В комнату вошел Святов.
– Иди, Аня, организуй чай. Пить хочется. Чувствуешь себя как? – спросил он у Вахова, садясь напротив, когда Айна вышла. – Здоров?
– Если не пью и придерживаюсь диеты, то ничего, жить можно.
– А я здоров, как бык. – Федор засмеялся, похлопал себя по широкой груди. – Без железного здоровья мою должность не потянешь. Анюта, знаешь, долго не хотела за меня идти, – внезапно без перехода сказал он. – Да незачем об этом говорить. Прошло и быльем поросло. Пойдем, выпьем еще по одной.
Они вышли в гостиную и снова сели за стол. Святов встал.
– Вот что, друзья, – сказал он, поднимая бокал. – Выпьем за Анюту. Кто не выпьет – тот мне не товарищ. Она мне как звезда. Как голубая звезда светит.
И выпив залпом, подошел к жене, поцеловал в губы, попросил:
– Спой, Аня, свою латышскую. – И не дожидаясь, стал напевать сам:
Пусть в кабаке звенят монеты,
Пусть в углях глаз огонь страстей.
А мне побольше звонких песен.
А мне стаканы да полней.
– Пожалуйста, на улице снег пошел, – сообщила жена Жени Буркина. – Золотая осень, прекрасная пора, очей очарованье. Пять градусов мороза.

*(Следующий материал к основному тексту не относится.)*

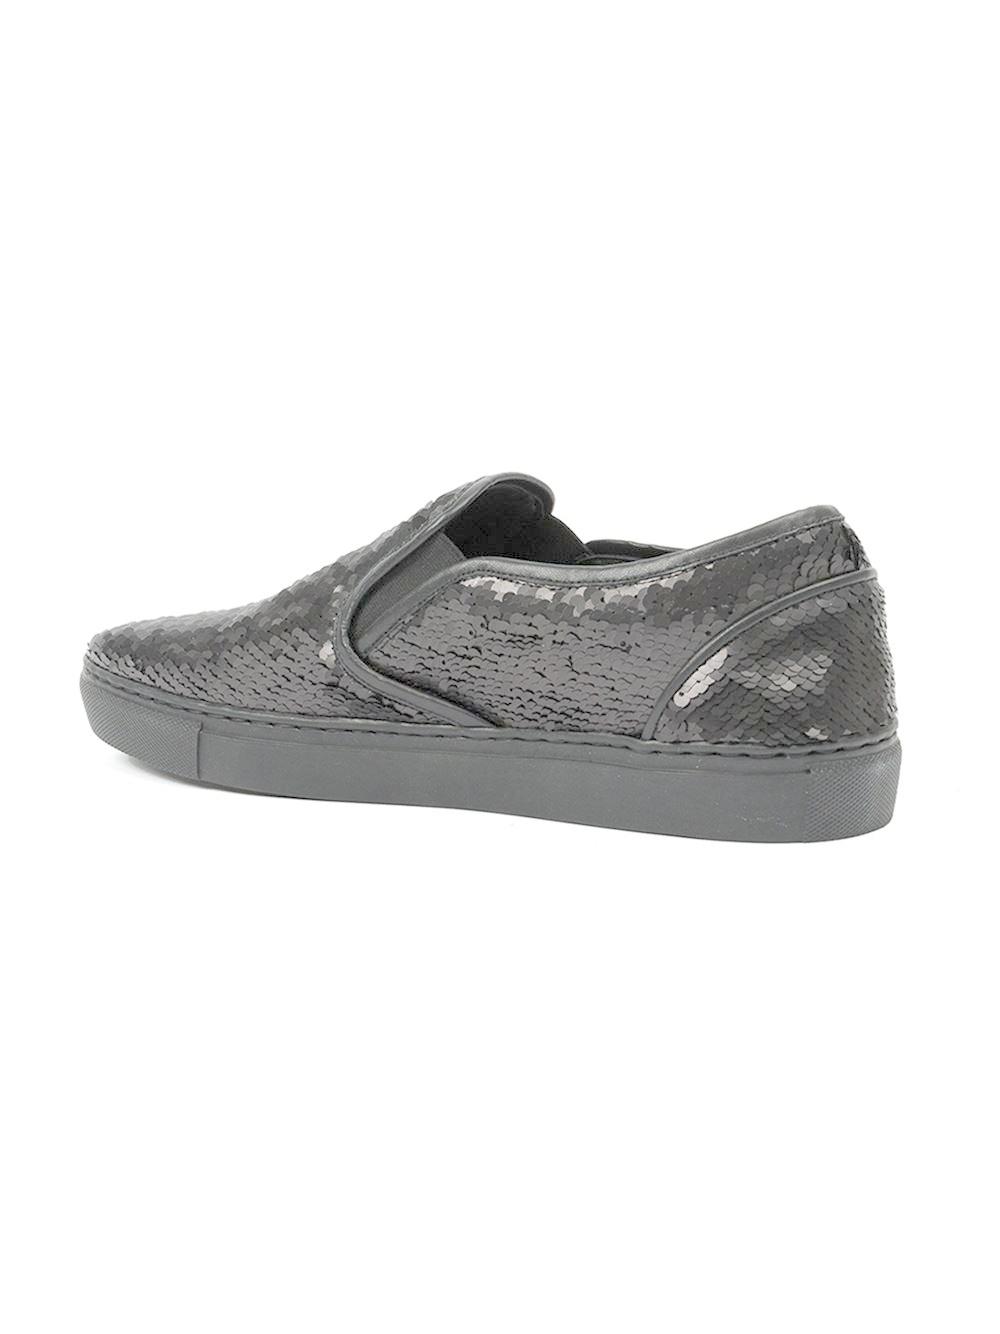 juun j sequin slip on shoes in black for lyst

– А в Одессе тепло, на Приморском бульваре играет музыка, сотни гуляющих, цветы продают, разноцветные фонарики светят, – мечтательно сказал Емцов. – Люблю Одессу, прекрасный город.
– Женька, хочу в Одессу, – шутливо заныла учительница. – Хочу на Приморский бульвар.
– Я все думаю о нашем сегодняшнем споре, – негромко сказал Вахов, и все умолкли. – Человек соткан из противоречий. Но он обязательно должен найти свое главное призвание в жизни. Только оно даст ему ощущение душевной полноты, радости, удовлетворения.
– Философ ты, Том-найденыш, – сказал Святов. – Нам об этом думать некогда. Служить нужно.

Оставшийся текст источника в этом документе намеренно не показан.